> [RAW DATA]
--

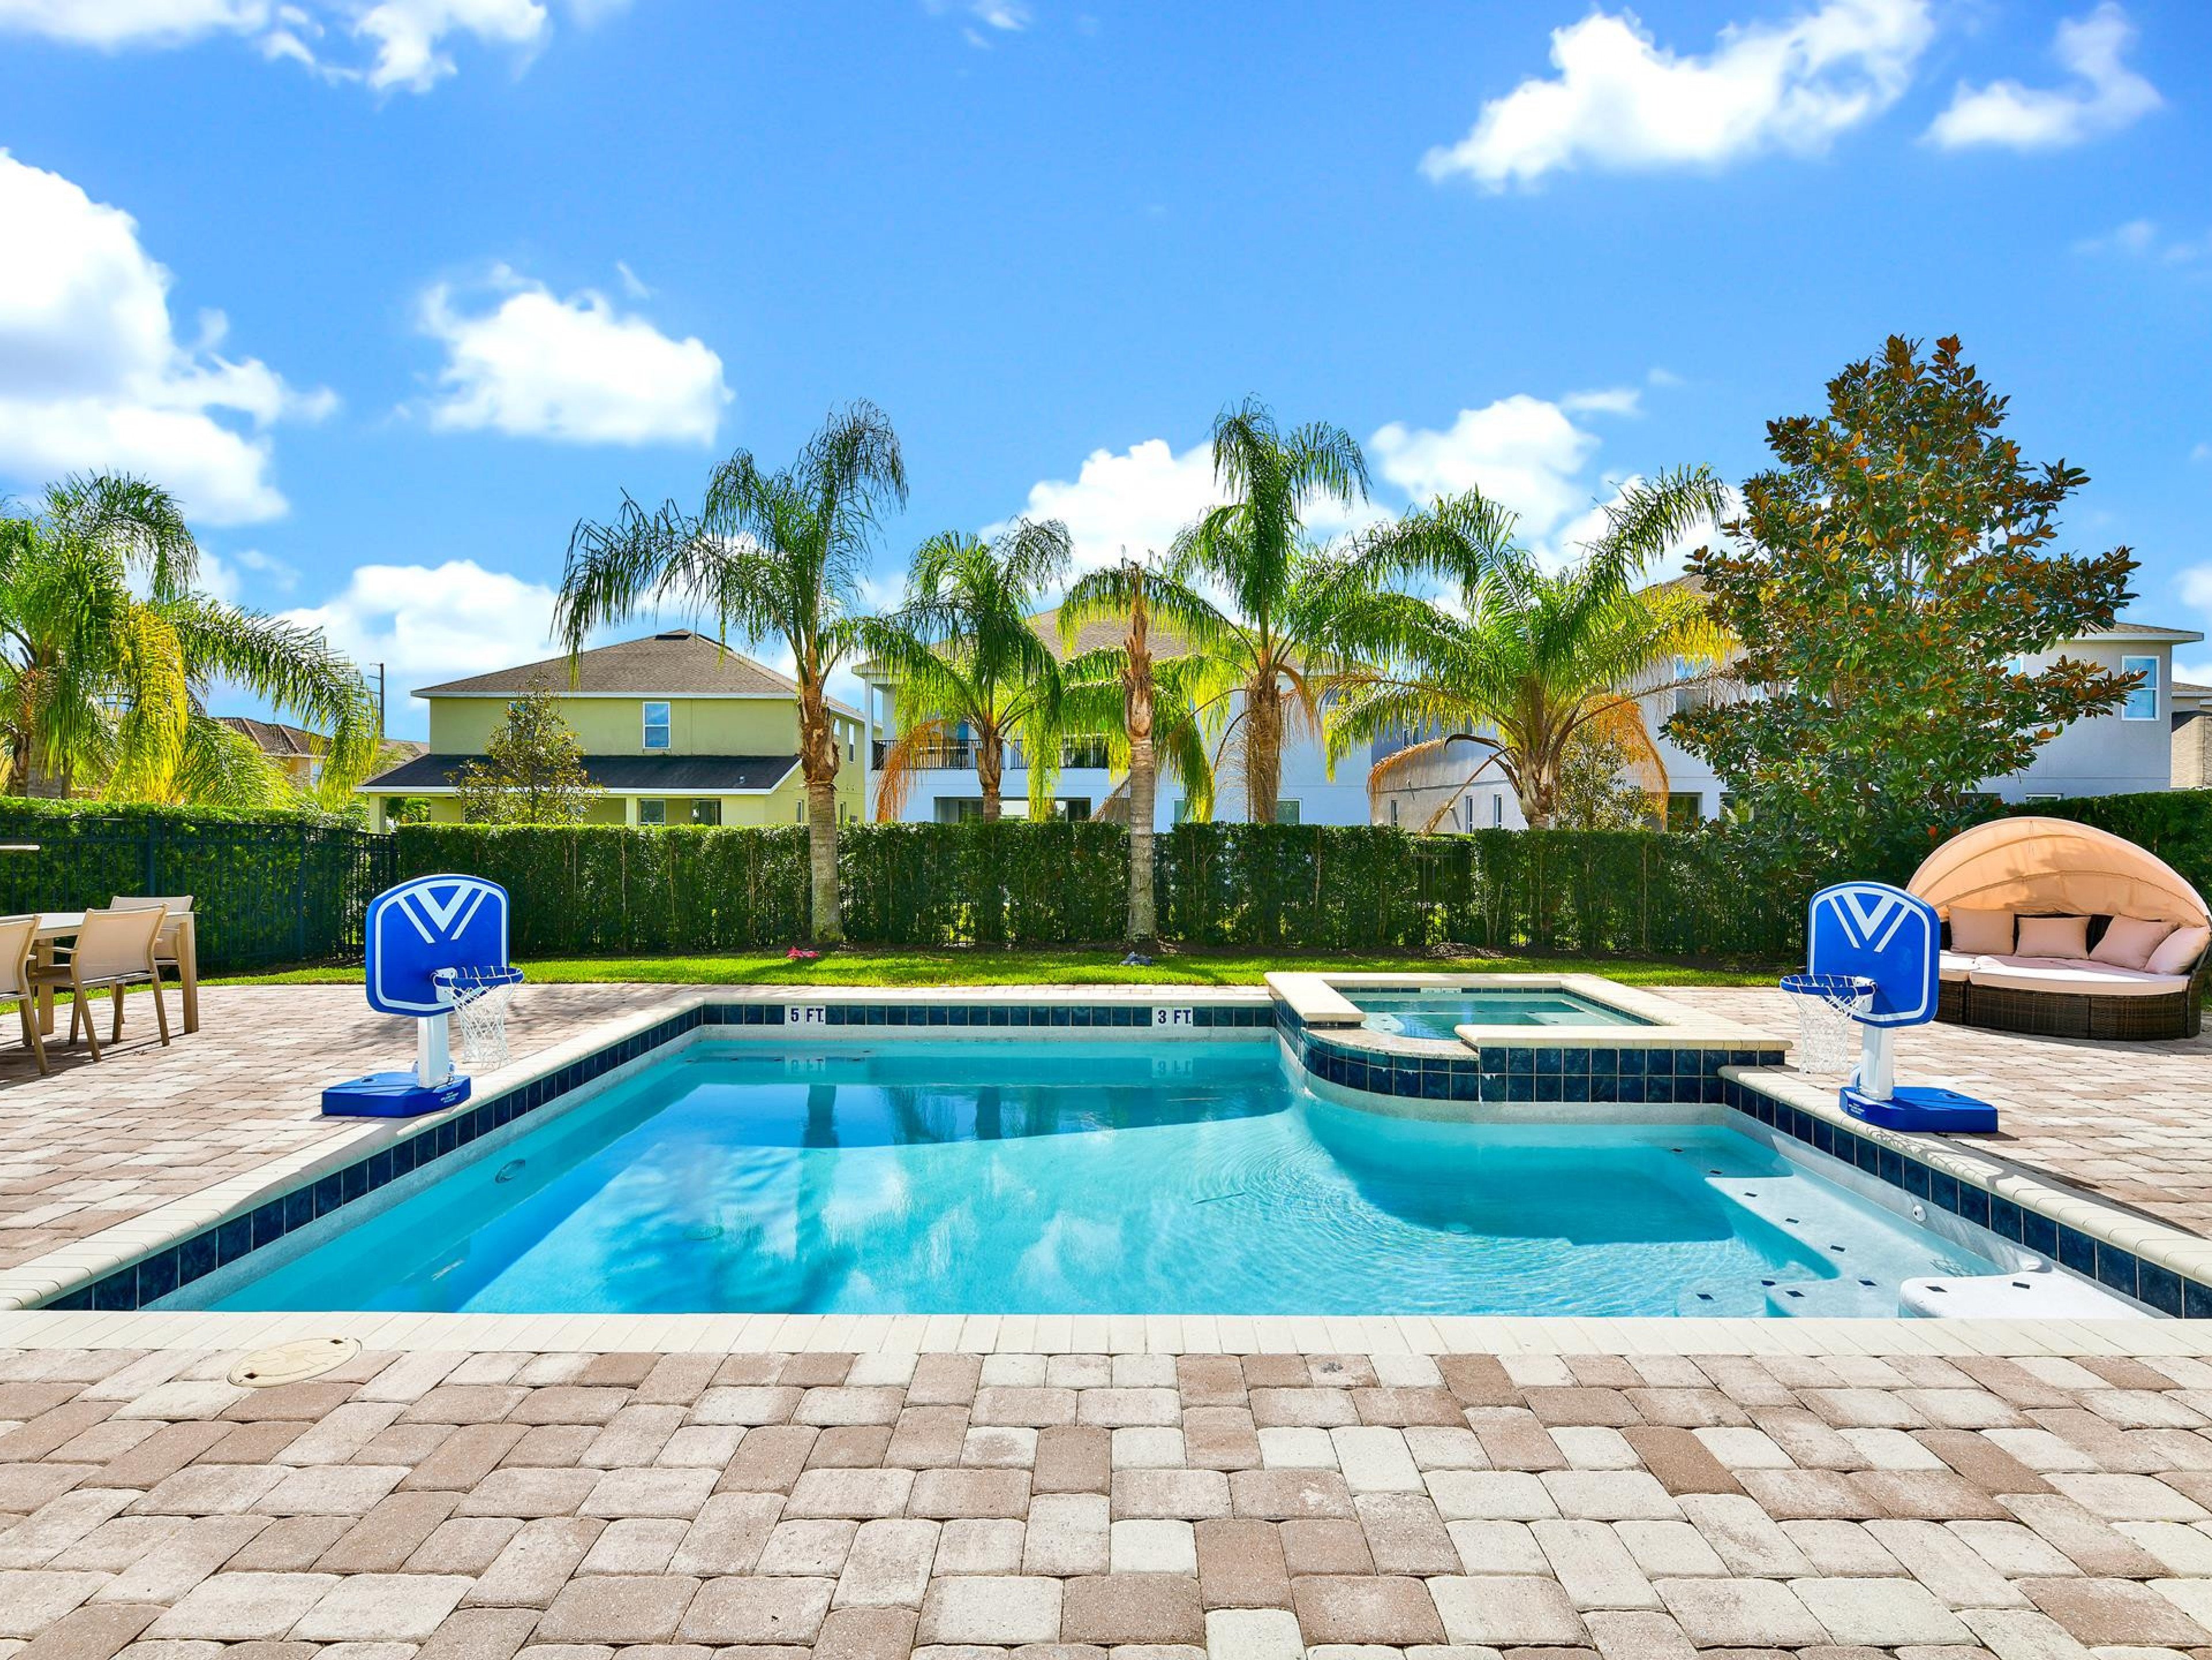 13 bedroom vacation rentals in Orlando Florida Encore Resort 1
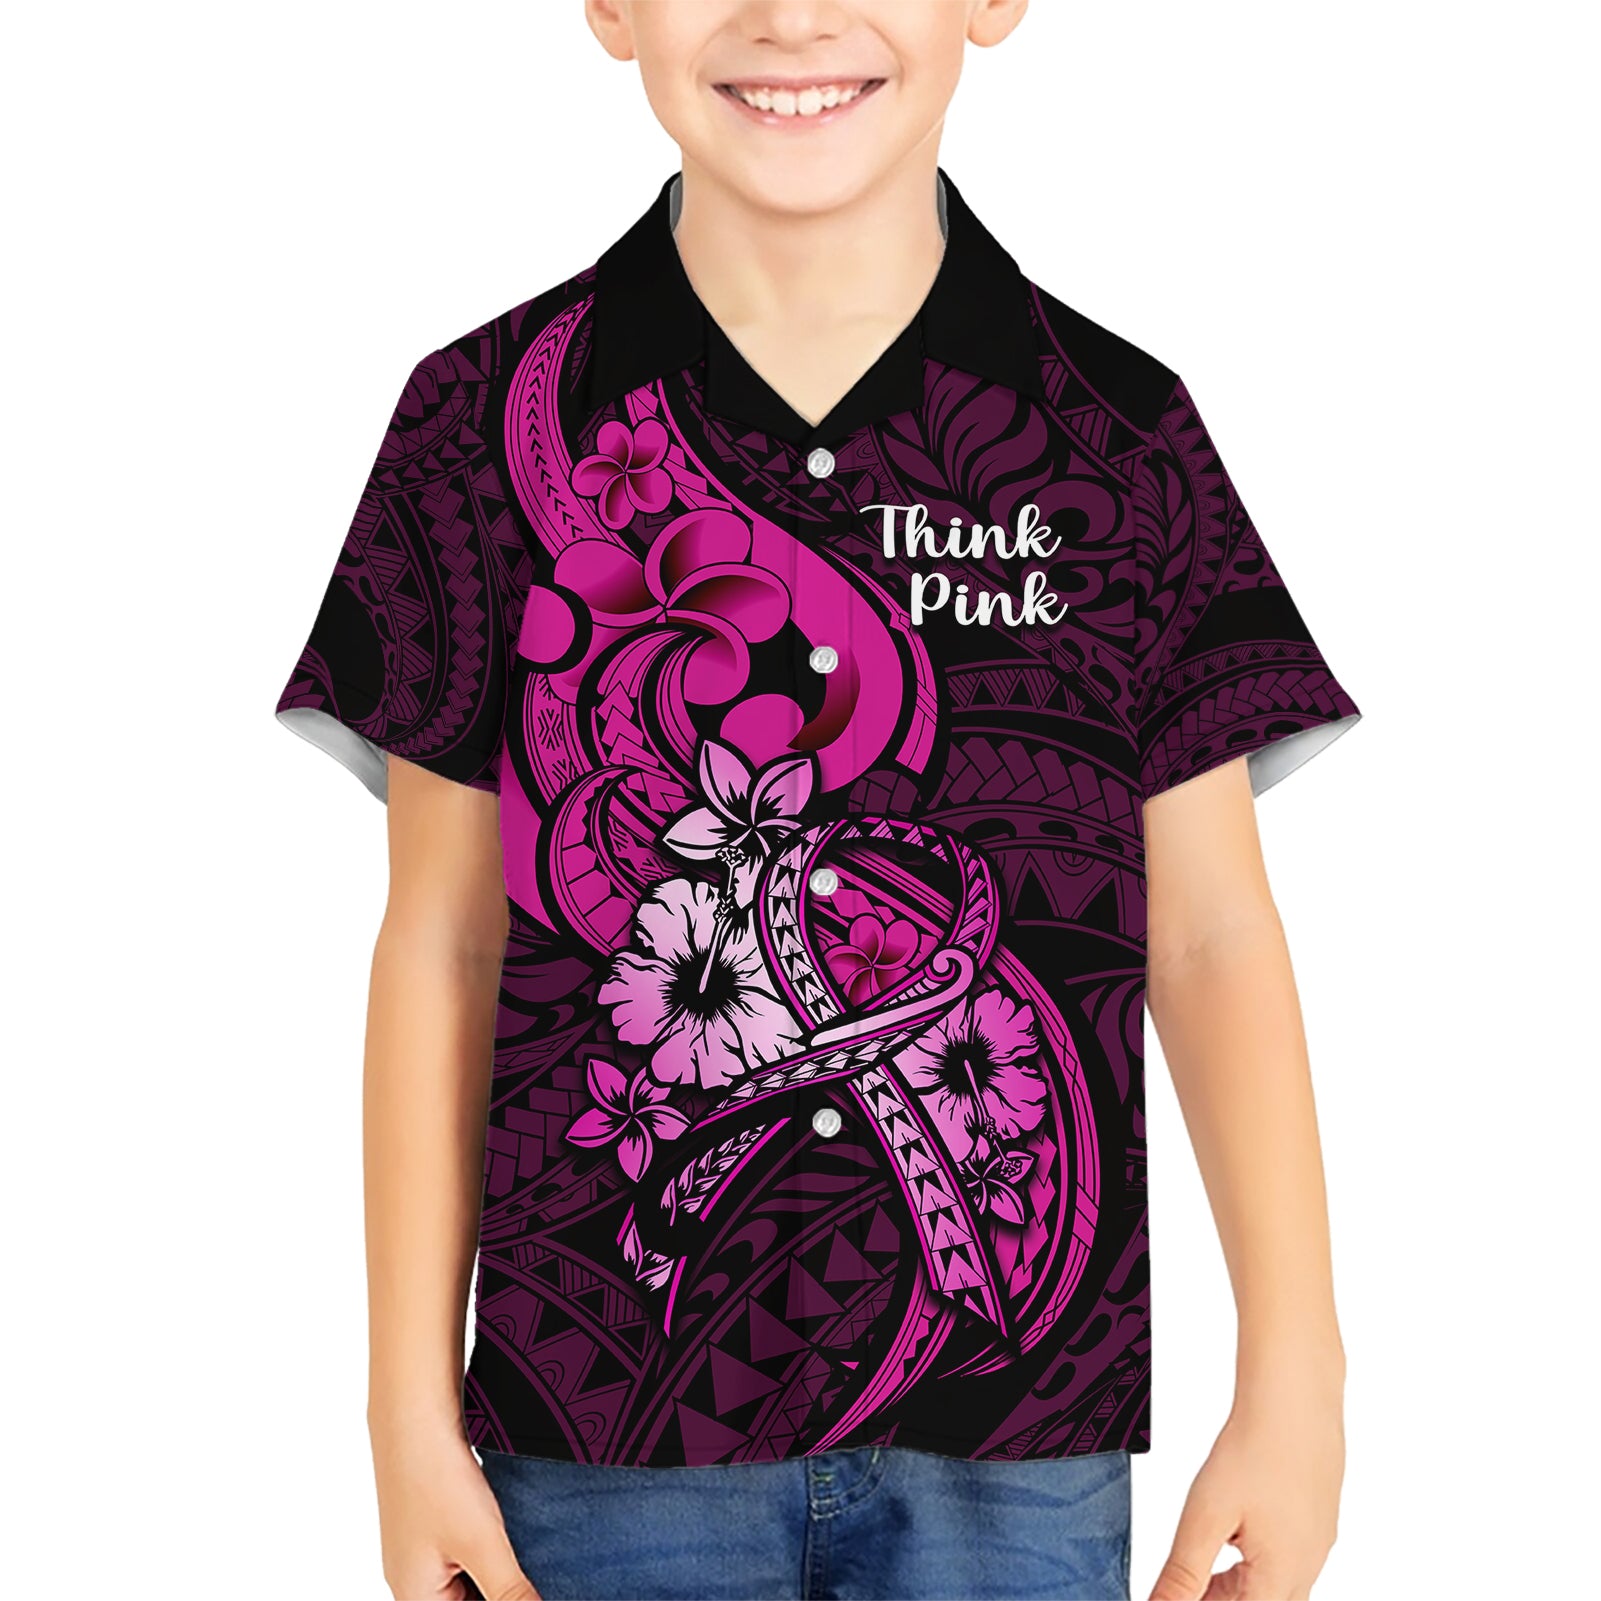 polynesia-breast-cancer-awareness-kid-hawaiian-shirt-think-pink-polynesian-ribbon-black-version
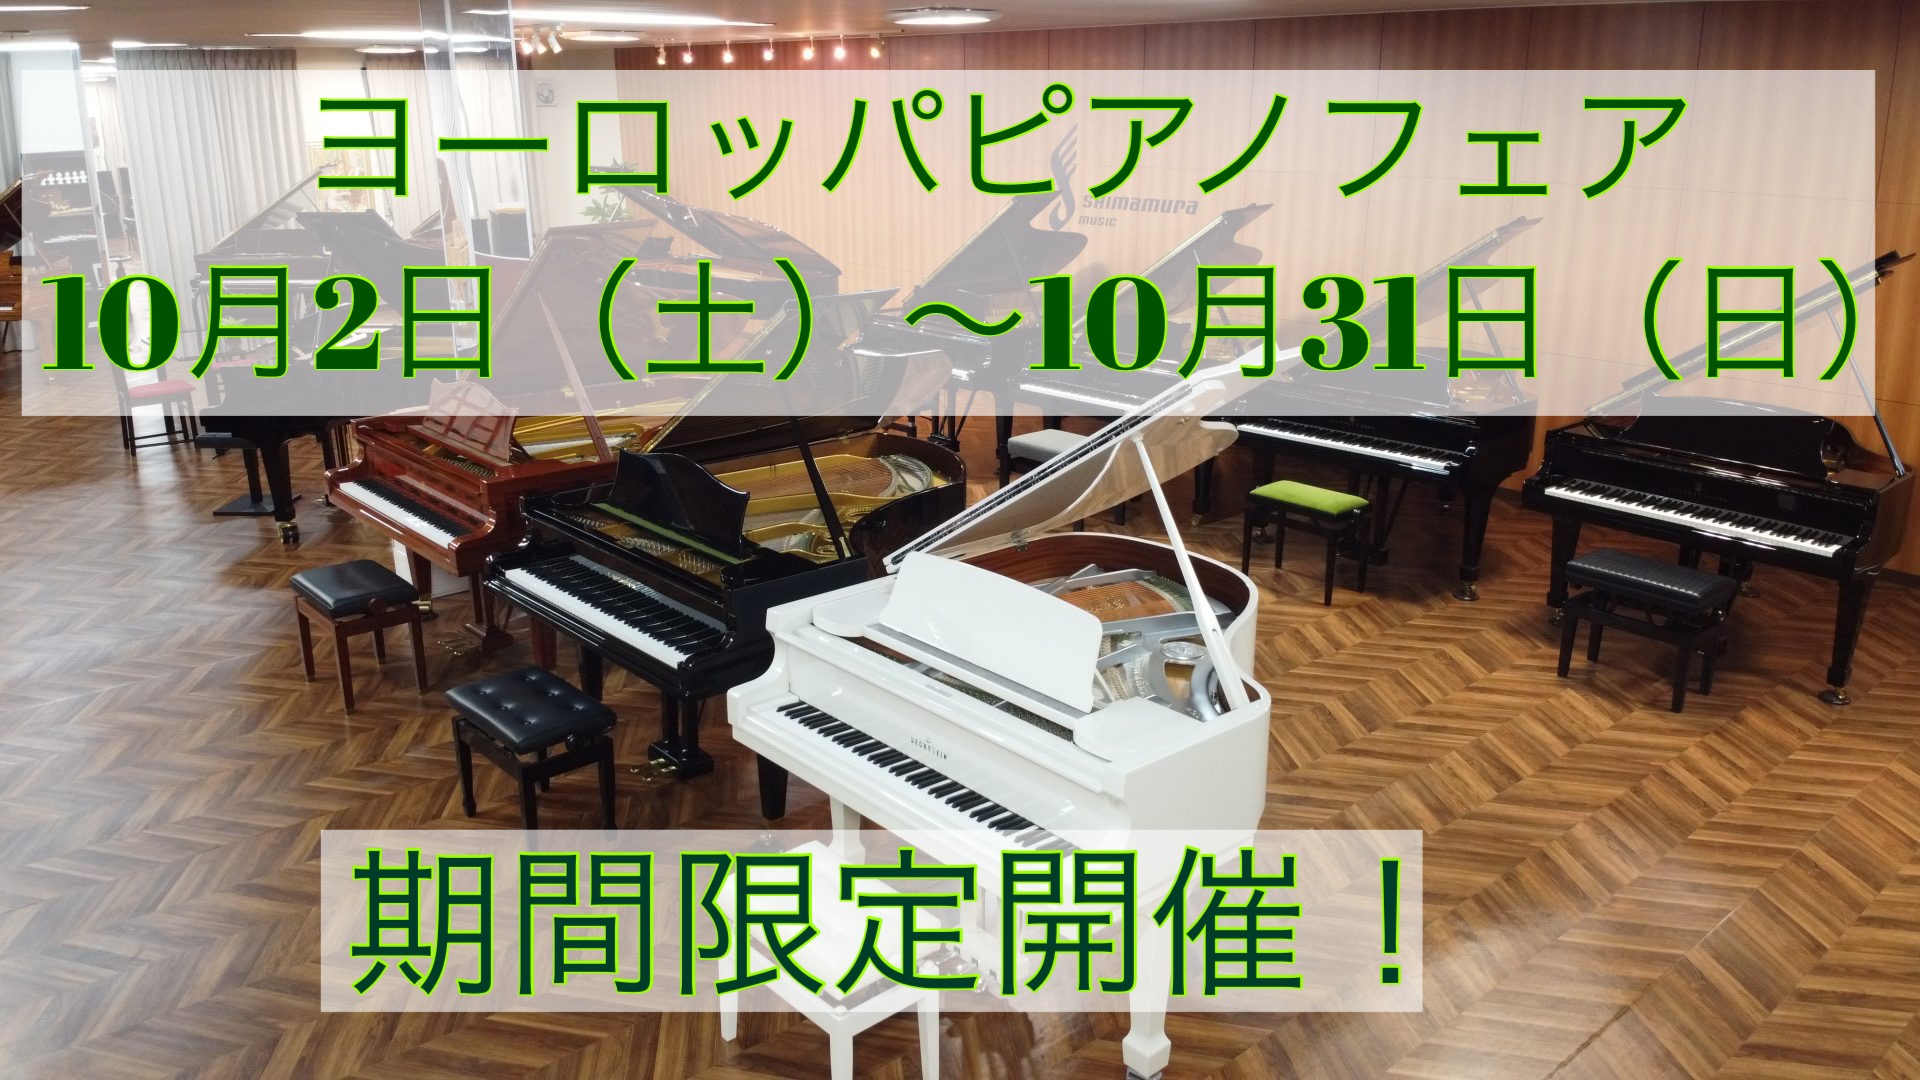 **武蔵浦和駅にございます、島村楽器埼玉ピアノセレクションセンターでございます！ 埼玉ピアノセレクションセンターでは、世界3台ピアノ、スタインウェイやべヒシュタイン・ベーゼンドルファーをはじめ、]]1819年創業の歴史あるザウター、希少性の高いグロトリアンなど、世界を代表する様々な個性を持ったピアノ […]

--

> [TASK DESCRIPTION]
Where a picture appears, skip it; repeat everything else in the data exactly.

> [ANSWER TO THIS TASK]
 13 bedroom vacation rentals in Orlando Florida Encore Resort 1
 polynesia-breast-cancer-awareness-kid-hawaiian-shirt-think-pink-polynesian-ribbon-black-version
 **武蔵浦和駅にございます、島村楽器埼玉ピアノセレクションセンターでございます！ 埼玉ピアノセレクションセンターでは、世界3台ピアノ、スタインウェイやべヒシュタイン・ベーゼンドルファーをはじめ、]]1819年創業の歴史あるザウター、希少性の高いグロトリアンなど、世界を代表する様々な個性を持ったピアノ […]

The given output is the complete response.